Liane Lang’s project Touch Stone engages with beauty and memory in the landscape, with its history of human and non human activity, through materials and objects that tell their story. The residue of centuries, millennia, eons, visible and imagined, of the hard work of people and of nature, appear like fragments of monuments, incomplete archaeological evidence, standing together ambiguously and sometimes at cross purposes.
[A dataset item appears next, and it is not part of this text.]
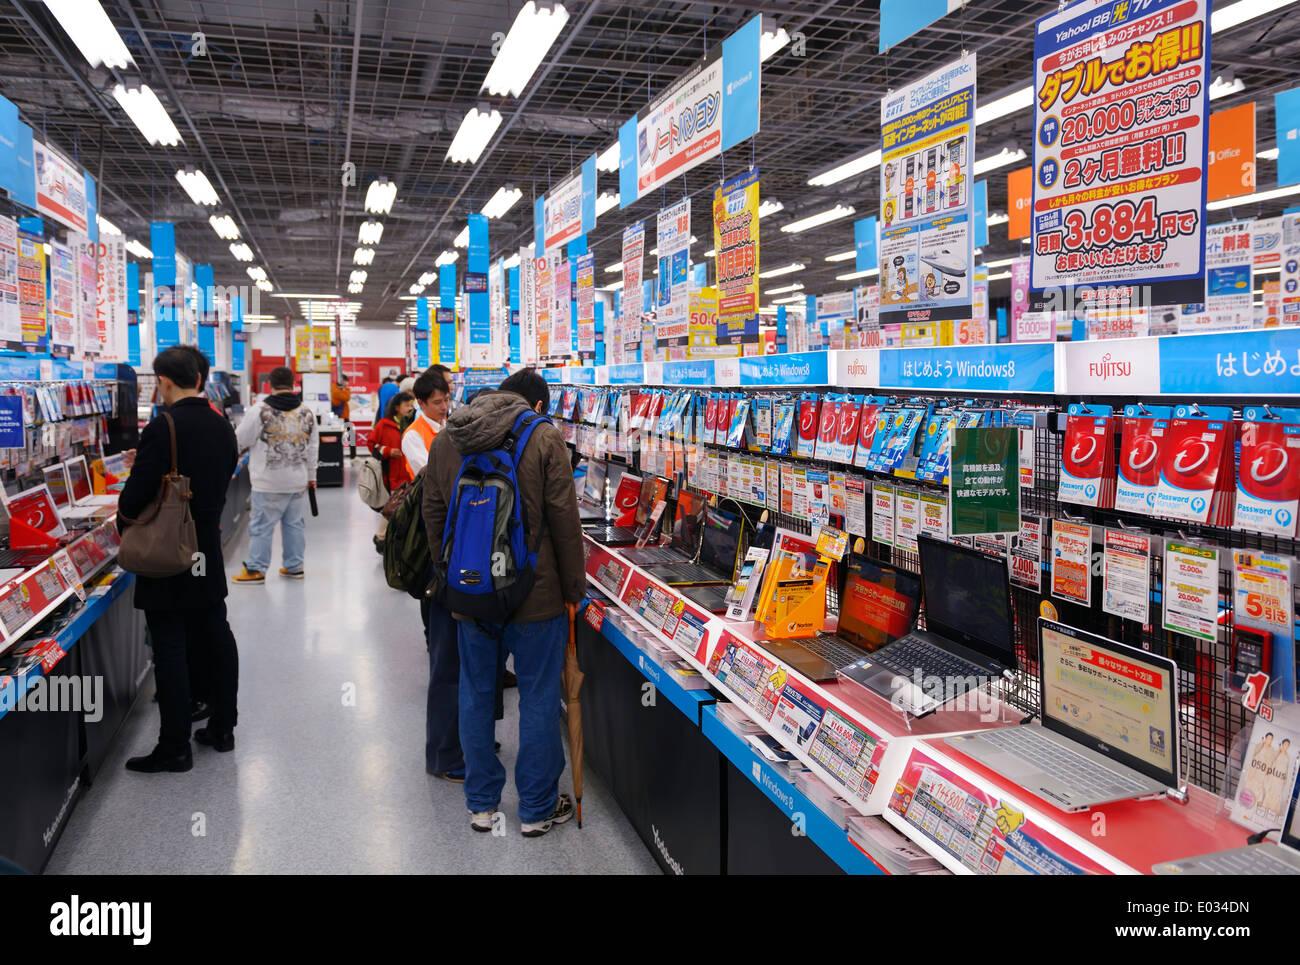 Menschen Sie bei großen Elektronik-Geschäft Yodobashi Kamera Yodobashi Akiba in Akihabara, Tokyo, Japan. Stockbild
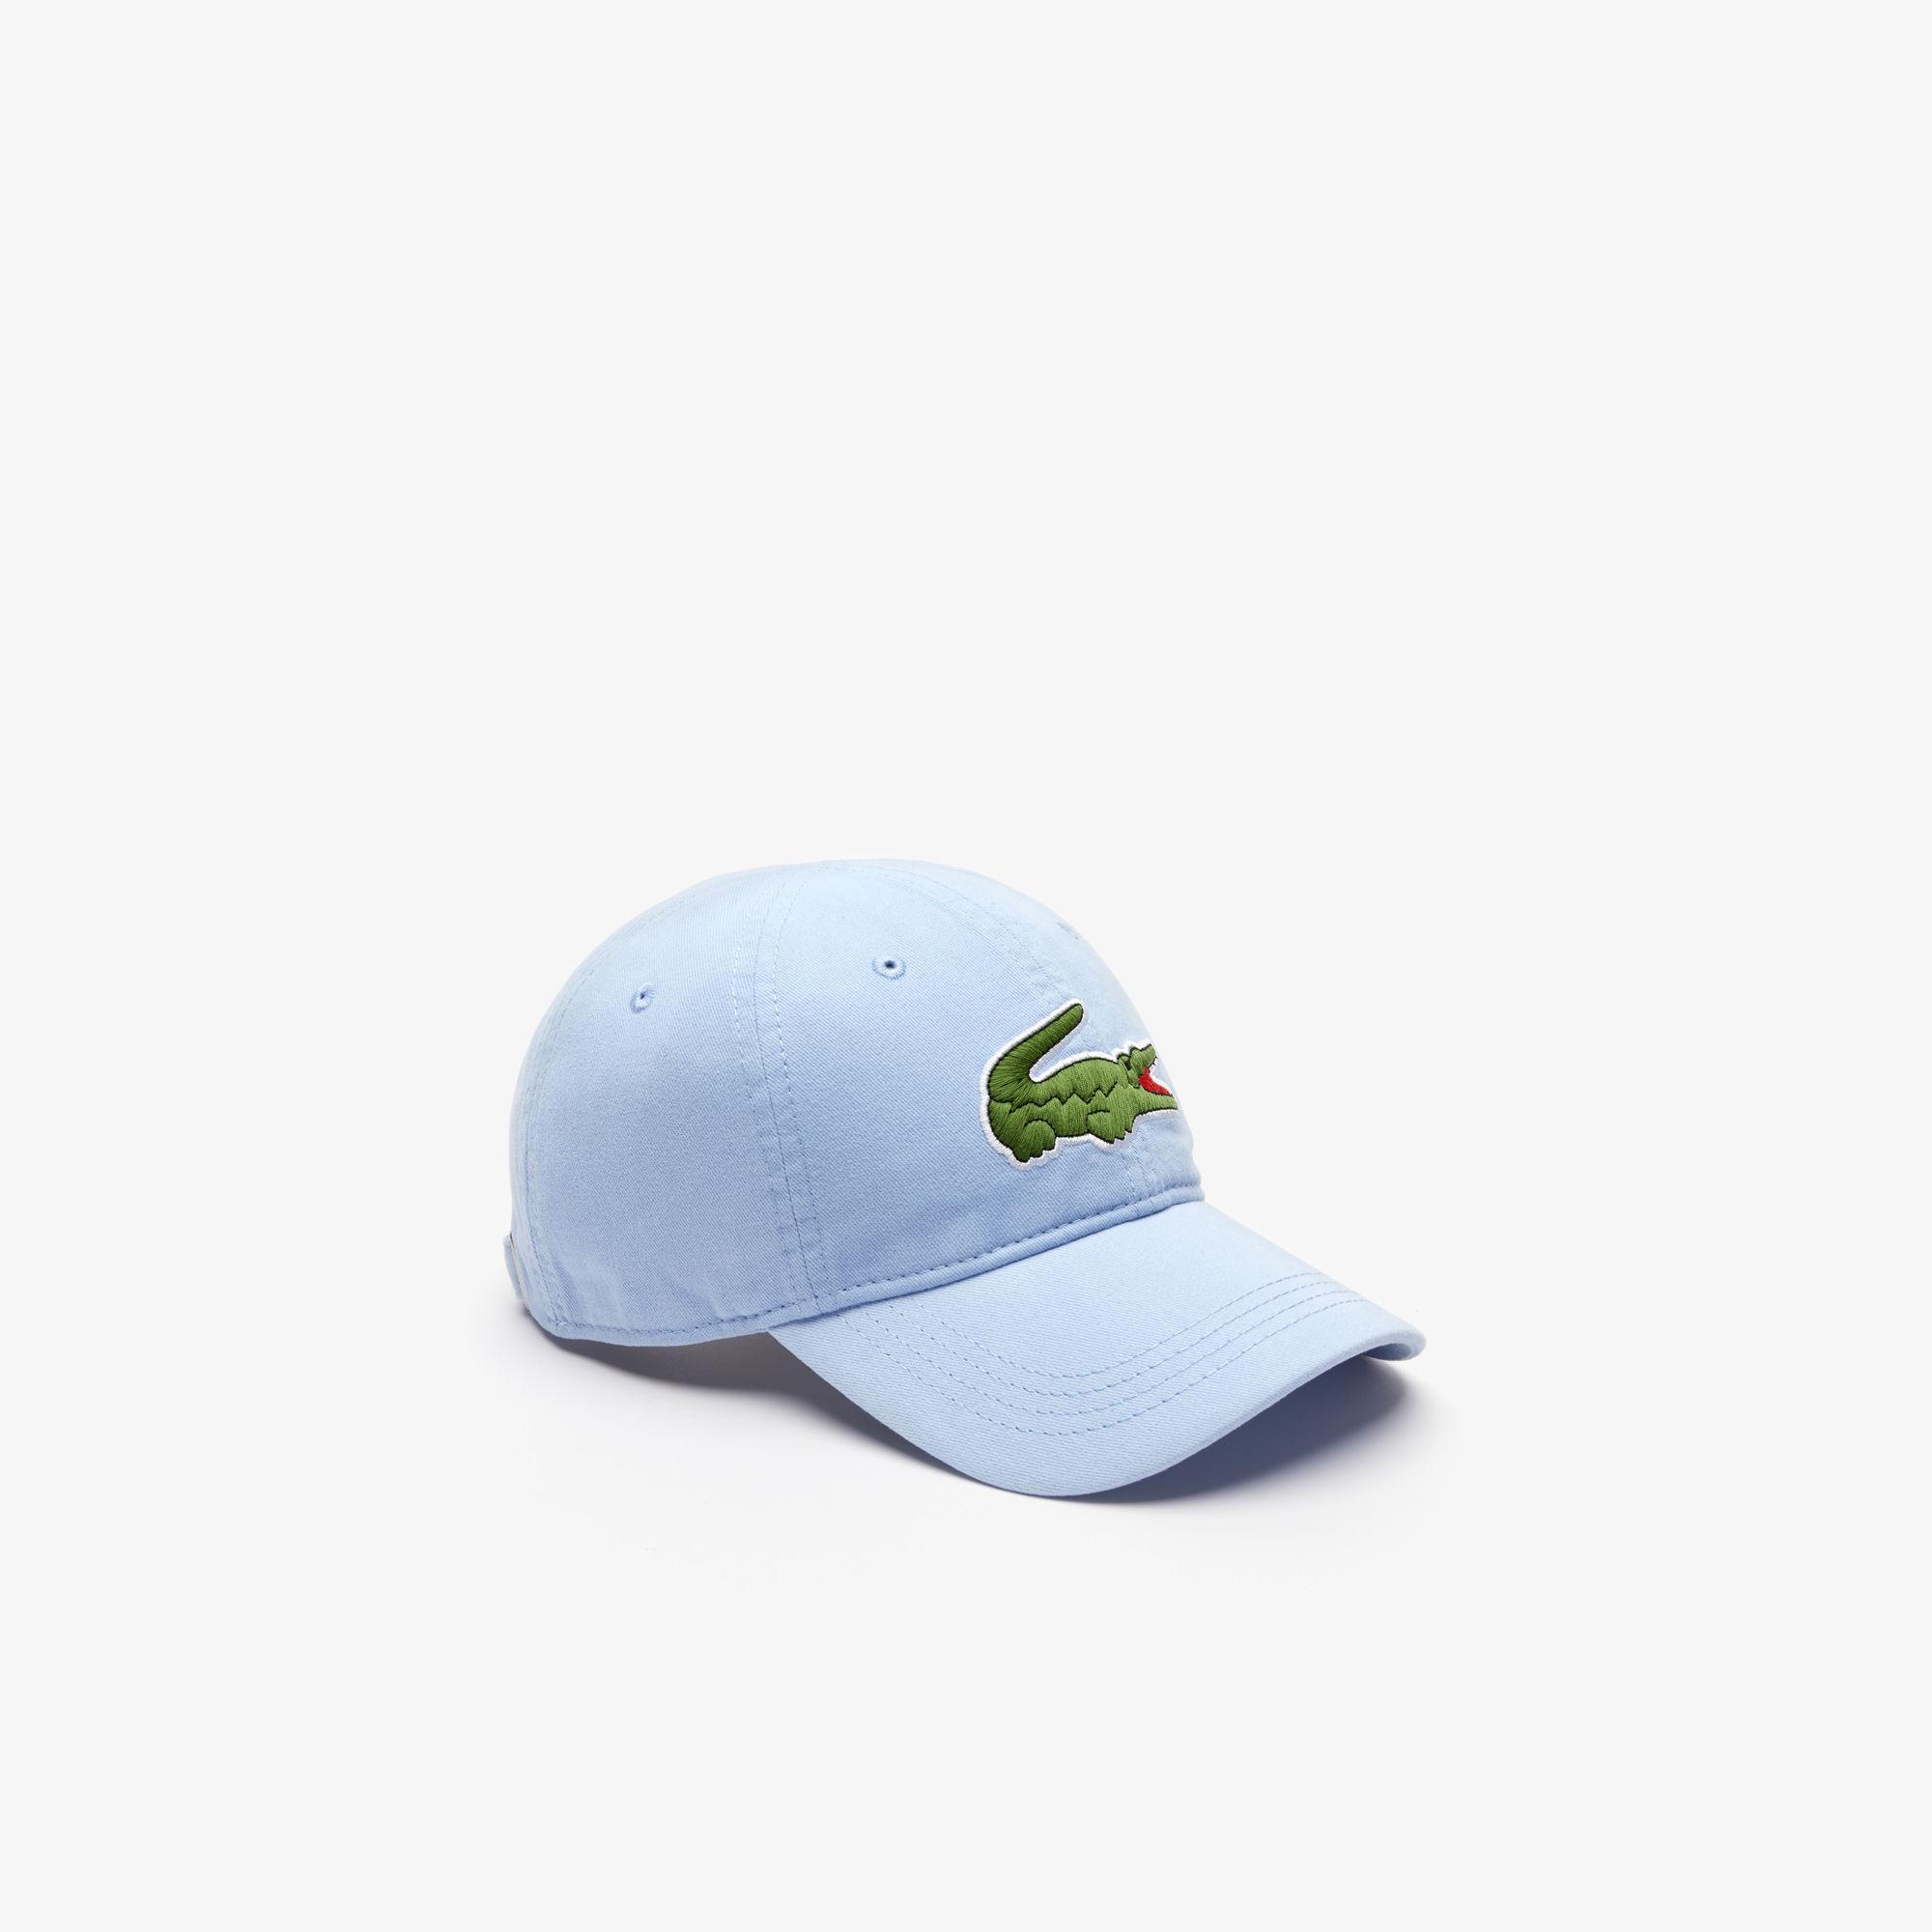 3d9bab33315b4e Lyst - Lacoste Big Croc Gabardine Cap in Blue for Men

Lang’s use of stones, from the gorgeous glass-like crystal slices to the broken Carrara marble headstones, the limestone quarry debris to the Neolithic stone circle, collate a sense of nature that can encompass all these things. The works point to shared characteristics and differing intentions, similar activities with radically different outcomes. Lang deliberately chooses materials that are connected but do not comfortably exist together. The ecologically unsound surface depicts the re-wilded or re-natured subject, the cement factory, the chunk of road, the collapsed mine, the holloway. Wood and concrete, iron and tarmac, lead, cotton and silk, form ligaments that hold together a multitude of experiences, invention and subjugation, improvement and destruction, beauty and death.

 

Many of the works have a human presence, glimpsed through a tree or behind a boulder. The figure is allowed to occupy, commune with and touch the world, a fleeting moment of ecstatic existence, joyous and immersive. But Lang twists this into another contemplation of the memorial object: The figures we see are casts, sculptures she makes in the studio, like fragments of statuary. The memorial is literal, the figure in sculpture, an at- tempt to gesture to a distant future: I was here, once lithe and lovely. Lang balances between lived time, momentary pleasure and the evidence of deep time, fossilised layers, the fate of all things once living. The ecological challenges are implicit in this work, poetically posing questions about the value and meaning of what we do and who we are.

Images seen here of the exhibition installed at the Maltings in Wirksworth during the 2022 Wirksworth Festival.